Okay. And then, maybe just a more detailed update on B2H. You mentioned it shifted a little bit, yet you're still expecting to break ground this year. I mean, what's the likelihood that it's the earliest 2026? Is that still realistic and on track?
Yes, so you've been following us for quite a while. So, this has been quite the process to get to where we are. So, we're feeling good about getting to the finish line with permits. Right now, there have been some delays in getting the notice to proceed. It's mostly due to just the responsiveness of the agencies. But I will have Adam give you a little more color on it. But I feel like we're getting to the end. I think it won't be any sooner than 2026 for sure.

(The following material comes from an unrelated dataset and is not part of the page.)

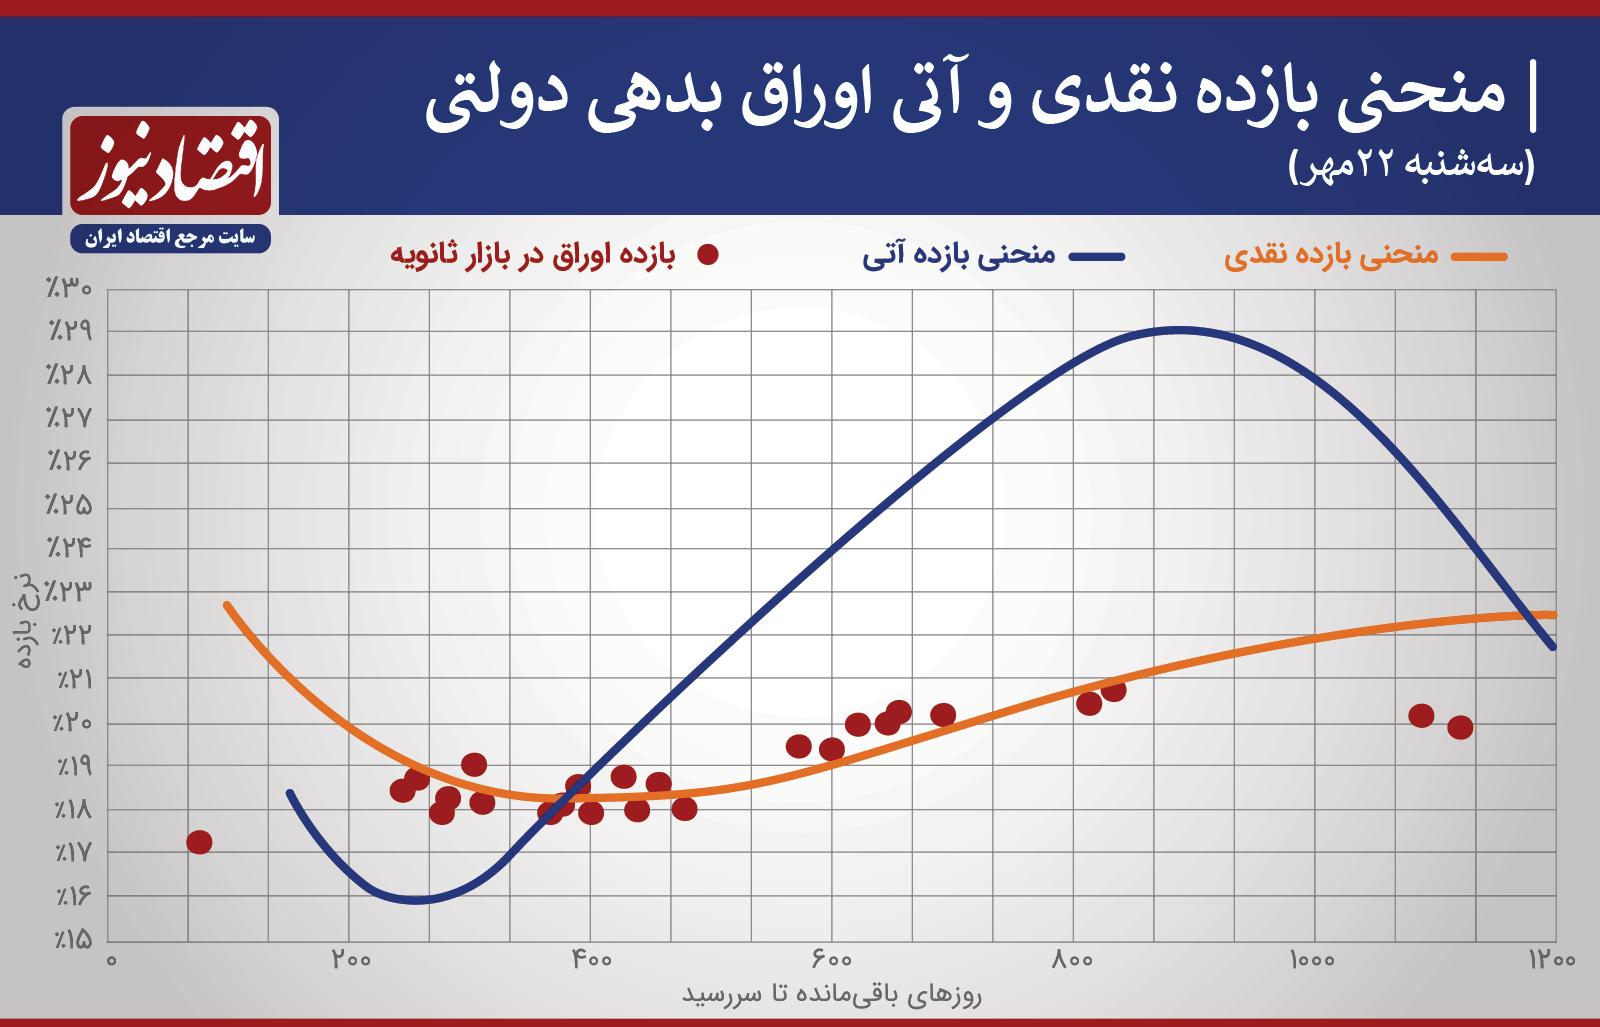 منحنی اوراق دولتی 22 مهر

Yes, you hit on most of it. The issue we've run into is just a little bit of delays related to the notice to proceed from the Oregon Department of Energy and from the BLM. We still do plan to start construction this year, hopefully in the first half of this year if possible. And our end date is still 2026, given what we're seeing. So, as long as we can work with agencies, get some of these final notices to proceed, we have some right-of-way work to also do. And then, we're doing some micro-siting and some amendments on that front. If it all comes together, yes, construction would start in 2024 and it would end before the end of the year in 2026.

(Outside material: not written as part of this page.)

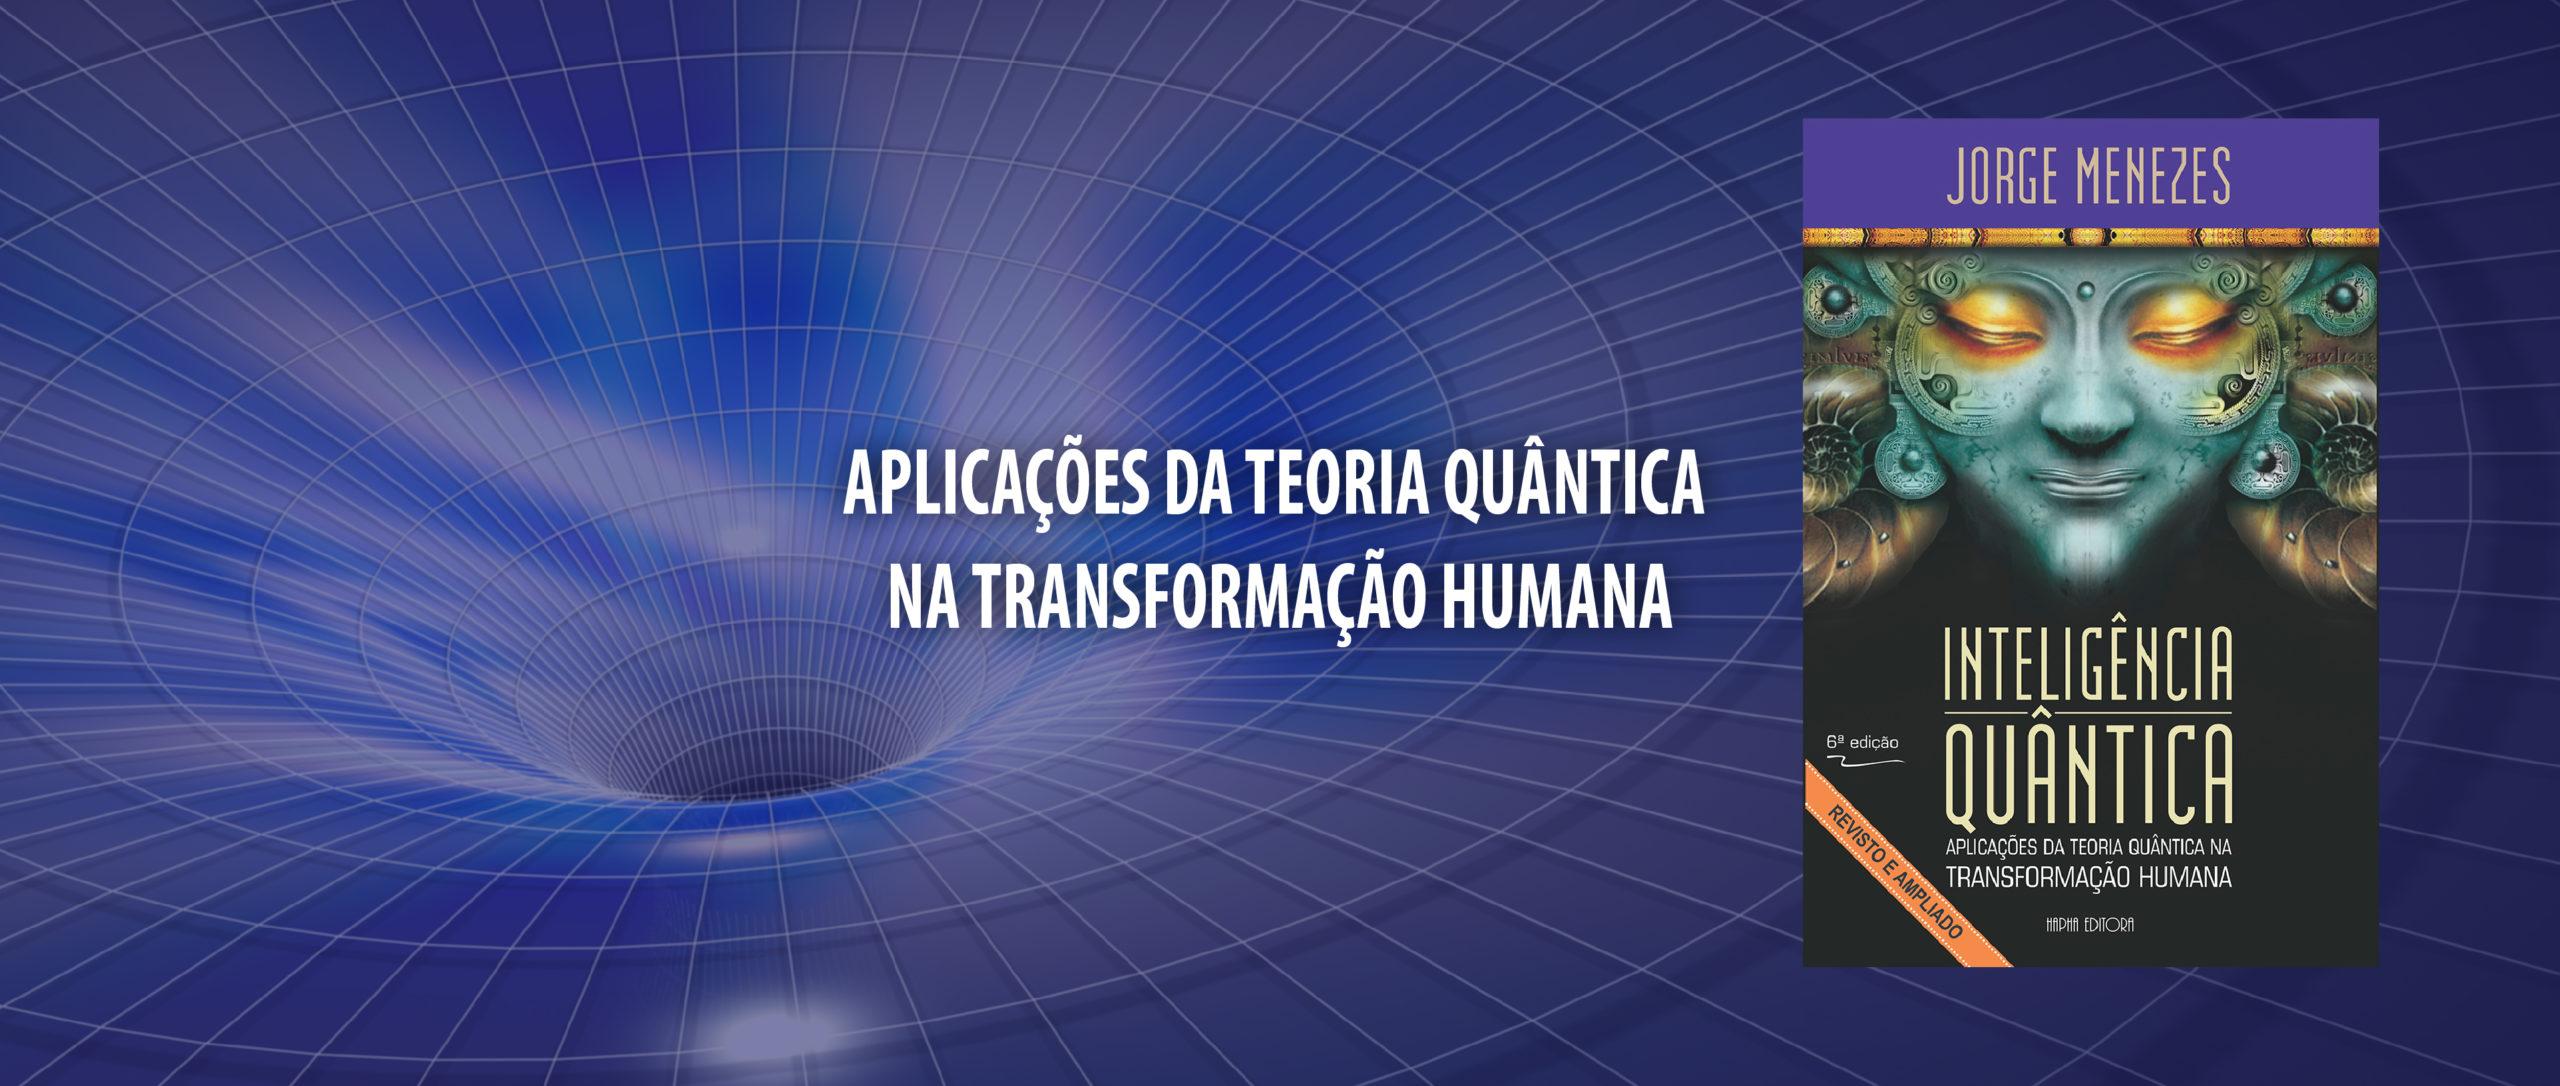 inteligência quântica1-01

Okay, great. And lastly, just given new rates, and I suppose it might be tiered rates during the peak demand season along with the ADITCs, which are partly due to the battery storage revenue being transferred there, anything we should be aware of in terms of the quarterly dispersion of your margins or earnings as it relates to your full-year guidance?
Brian, not from my perspective, I mean, one of the things we've done in the past is we've used ADITCs. We have made an estimate early in the year of the full-year ADITC usage amount. And then, we record that pro rata over the year, not based on anticipated sales each quarter. So, you'd expect us to do that again this year with the ADITCs. But otherwise, yes, there were some minor changes in the case to tiering, but I wouldn't expect it to have a dramatic impact on seasonality. We should still have seasonality that's similar to what we've seen in the past, driven more heavily by weather than by any changes to rates.
Okay, thank you very much.
Thank you.
Thanks, Brian.
Thank you. And there's a final opportunity here. And we'll pause for just a few moments to see if any questions come into our queue. All right, it looks like there are no further questions. So, this does conclude the question-and-answer session for today. Ms. Grow, I will turn the conference back over to you.
Thank you. Thanks to everyone for joining us this afternoon and for your continued interest in IDACORP. I hope you all enjoy President's Weekend and have a great evening. Thank you.
That concludes today's conference. Thank you for your participation.